38. A topical composition having the following ingredients: MCT in about 70.00 wt%; Monolaurin in about 10.00 wt%; Cetyl Esters in about 5.84 wt%; coconut oil in about 0.35 wt%; caprylic acid in about 0.25 wt%; Ascorbyl palmitate in about 0.50 wt%; Hempseed oil in about 3.70 wt%; Cod liver oil in about 3.53 wt %; Rice bran wax in about 5.50 wt%; Colloidal oatmeal in about 0.10 wt%, Squalene/Vitamin E in about 0.20 wt % and fragrance in about 0.03 wt%.

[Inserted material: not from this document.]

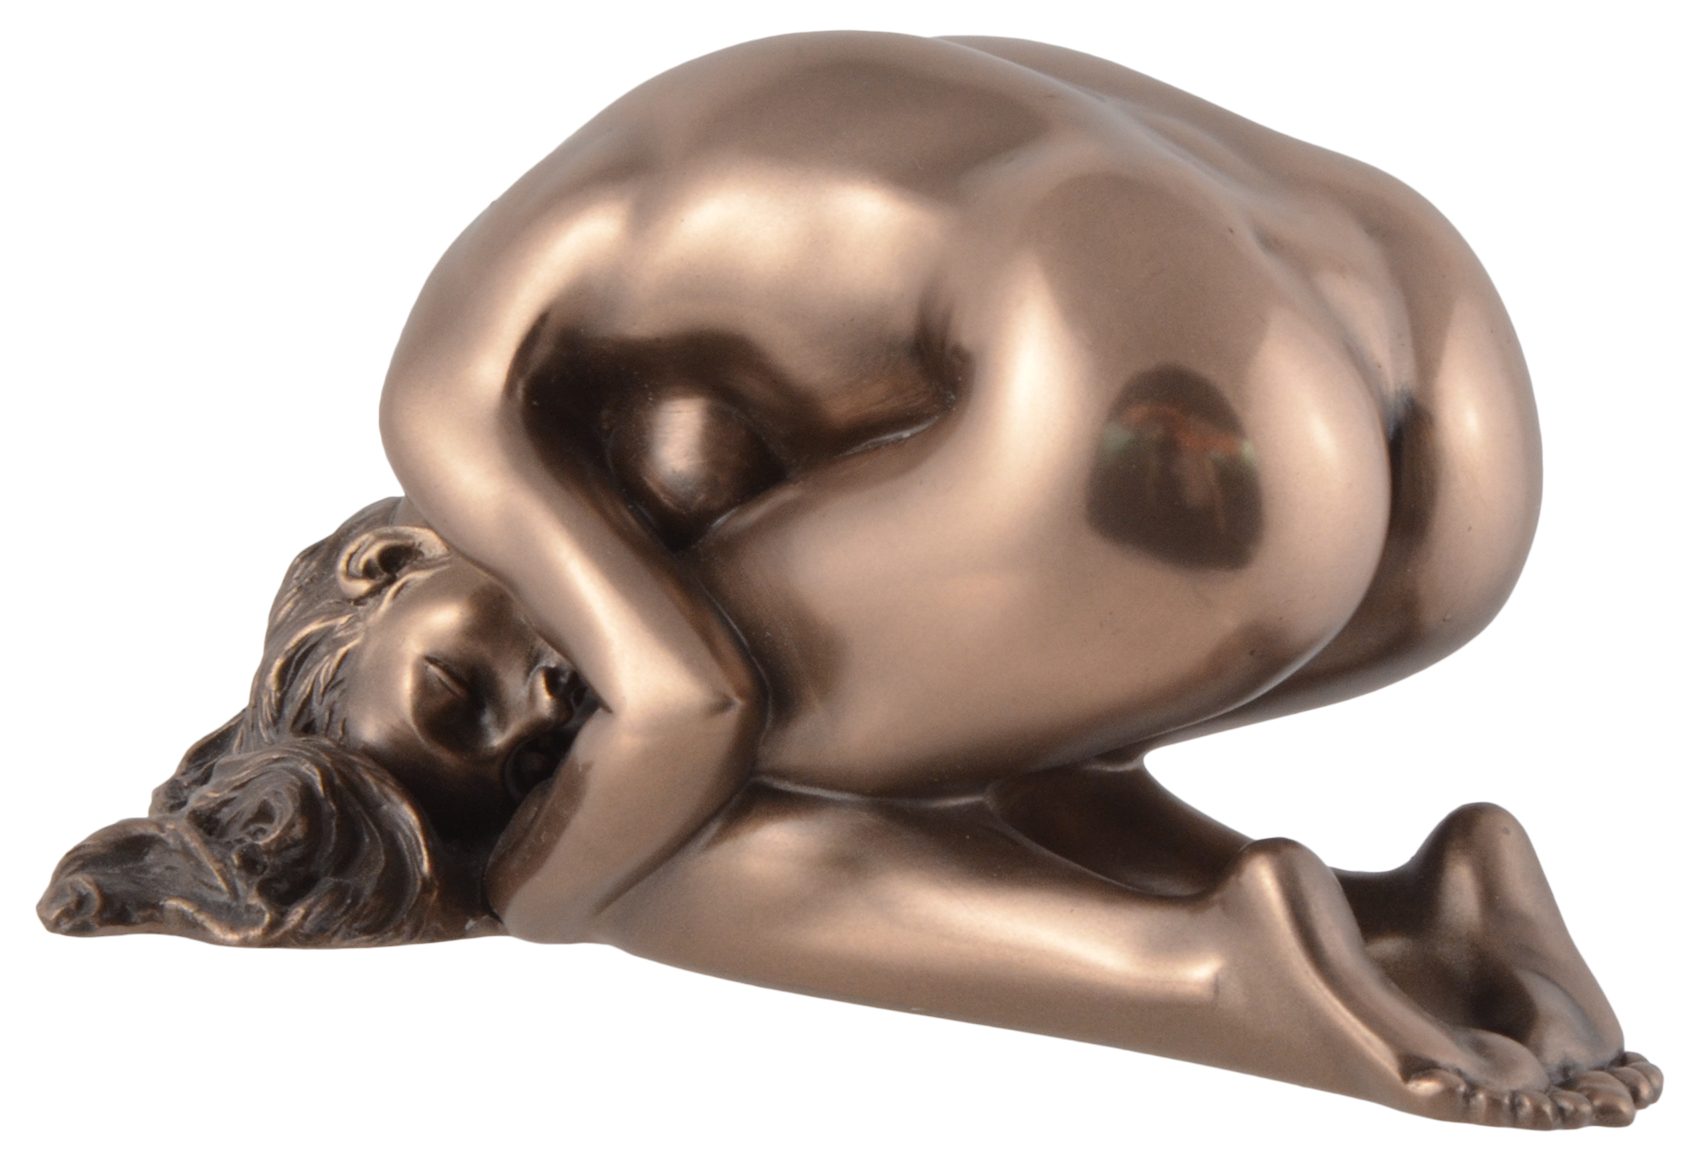 Veronese, Nackte Dekofigur kniend 15x8x8cm direct Vogler LxBxH: in ca. bronziert, Hand Gmbh Dienerin Pose Kowtow - Akt by von

39. A topical composition which is K7p, K7r, K7s, K7LH5 or K7LH14 or K7LH17.

40. A method of reducing the tendency of scarring from a wound, burn or skin condition where the skin thereof is broken in a subject comprising topically applying directly onto the wound, burn, or skin condition that is fully granulated on the skin and to the periwound thereof a scarring inhibiting effective amount of an anhydrous topical composition of any one of claims 1-39 for sufficient time to retard or inhibit scarring.

41. The method according to claim 40 wherein the subject is a mammal.

42. The method according to claim 40 or 41 wherein the subject is human.